August 21, 2008 12:25:53 AM PDT
Protestors gathered in North Fresno to speak out about the continuing budget impasse in Sacramento. With the state unable to write checks, agencies and people who rely on state funds are hurting. The state budget is now 52 days late. Bill Turini of Fresno was among more than a dozen protestors forming a "Human Billboard" at the corner of Blackstone and Nees. He says he's protesting because, "We have limited funding coming to our schools, limited funding to our communities, services for the elderly, services for the disabled."

Governor Arnold Schwarzenegger told a news conference in Sacramento on Wednesday that he shares the public's frustration, and chastised leaders of both parties for their unwillingness to make a deal. The Governor said, "This is shameful, and it has already imposed difficult hardship on Californians across the state."

He criticized party leaders for being unwilling to bend, saying, "You've got to be able to be flexible. That's what happened yesterday (Tuesday) when we had the Big 5 meeting. The Republicans came in again with the mantra, no taxes, no taxes, no taxes, and the Democrats come in with no cuts, no cuts, and no cuts. I mean we can't continue that way otherwise we're going to sit here six months from now."

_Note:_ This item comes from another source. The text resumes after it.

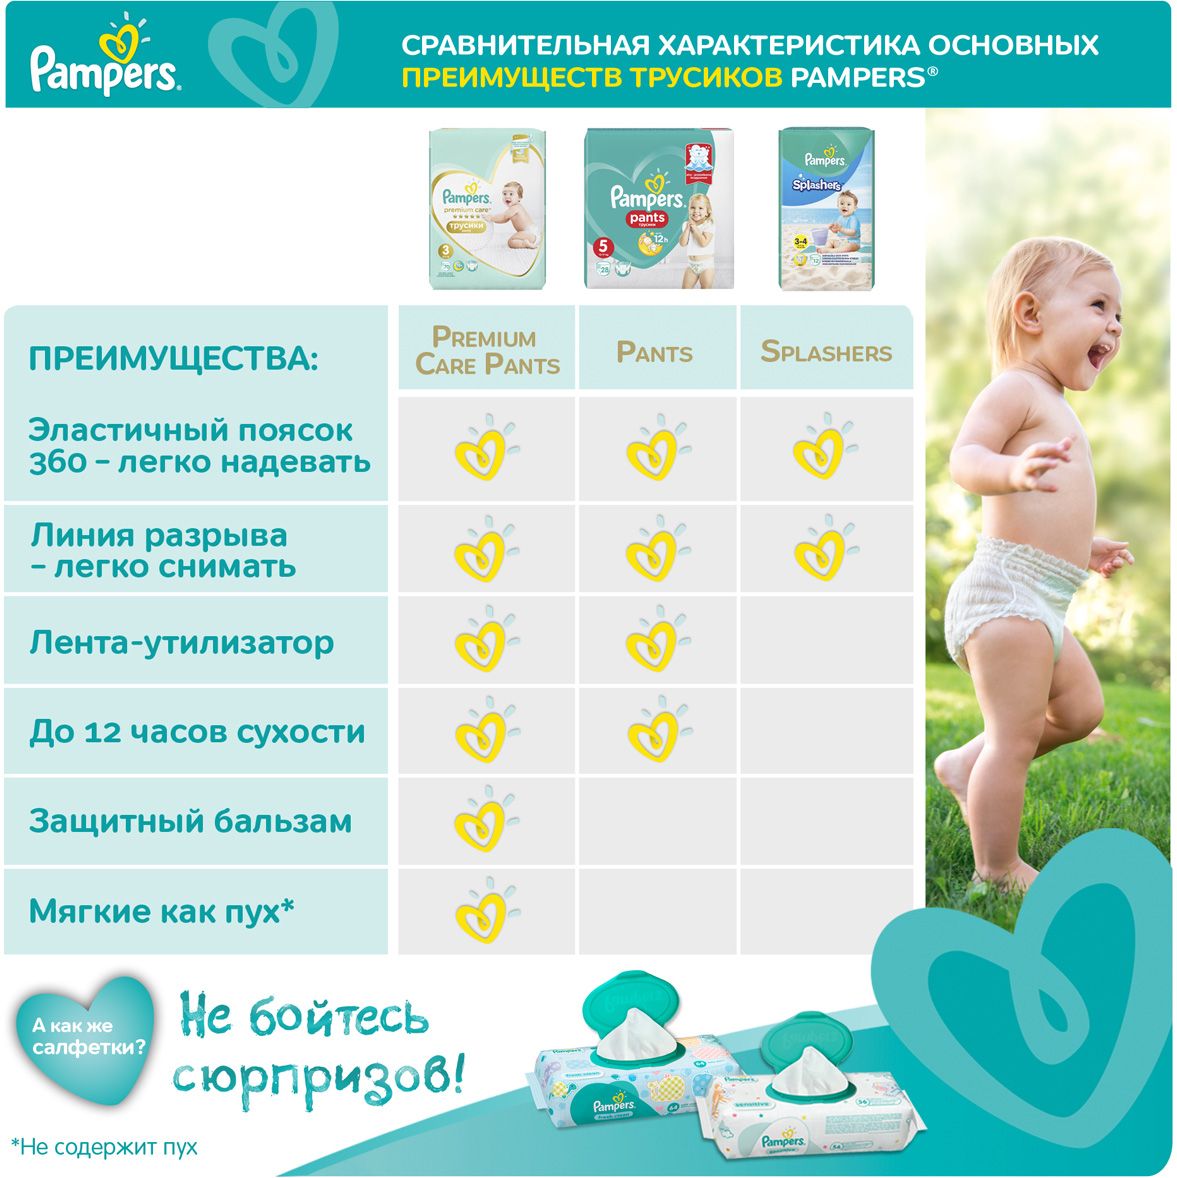 Pampers  Pants 12-17  ( 5) 152 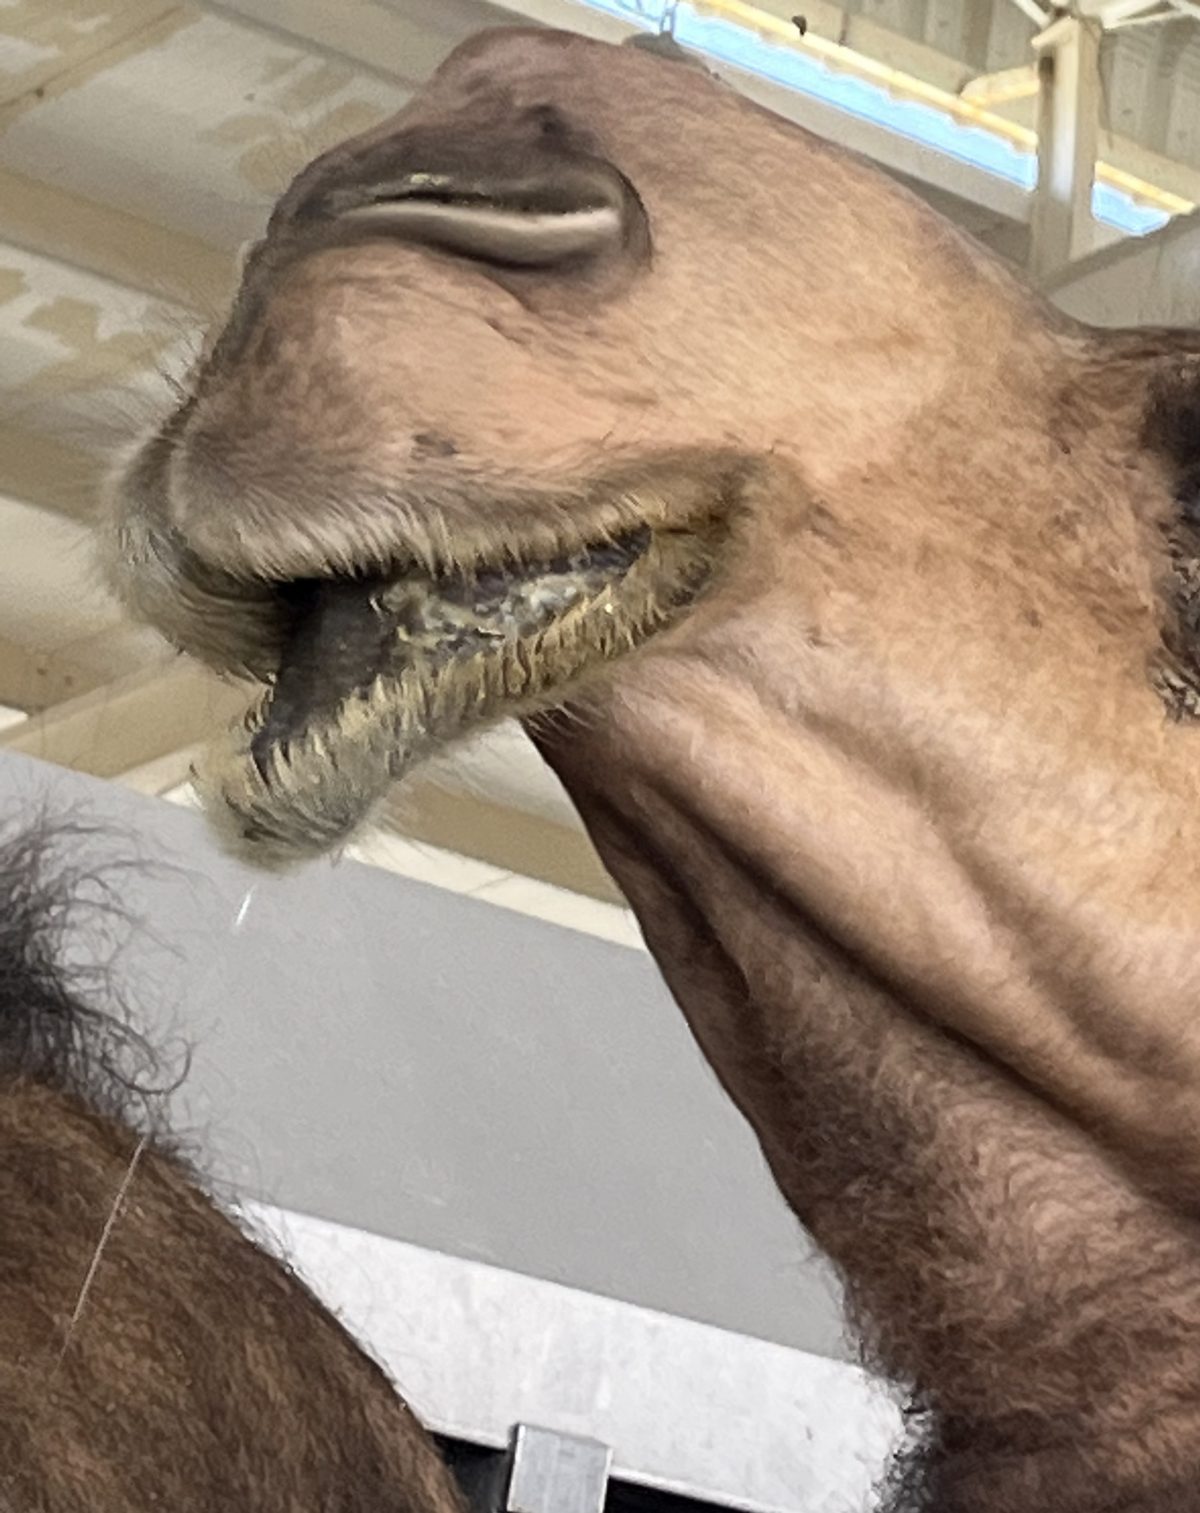 Camels have many types of faces and looking very different from eachother

The governor was referring to a meeting with party leaders, where Republican Assembly leader mike Villines, of Clovis, simply walked out.

Villines said he was tired of listening to the Governor. Saying, "I mean the only conversations that seemed to be going on was talking about more taxes. And frankly the Governor was the one talking the most about taxes. You know, when you're sitting in a room with five of us and three people are talking about taxes how many times can you say no. And it's time to move on to the next stage."

To some in this crowd of protestors, Villines has become part of the problem. Leo Aguirre, who works for a social services agency says, "I think Mike Vilines needs to understand that what he's doing is hurting the poor. The schools, the disabled."

The latest plan from the governor would raise the state sales tax by a penny on the dollar for three years, and make additional cuts in spending in an effort to satisfy Republicans. But so far, there's no sign they will compromise.

The governor's proposed sales tax increase would raise about six billion a year; the current budget shortage is more than 15 billion.

The governor's effort to cut state workers pay to minimum wage hasn't happened. The state controller defied the governor's order. The governor went to court, and a hearing is set for September 12th. Which means state employees will receive full paychecks for the month of August, at least.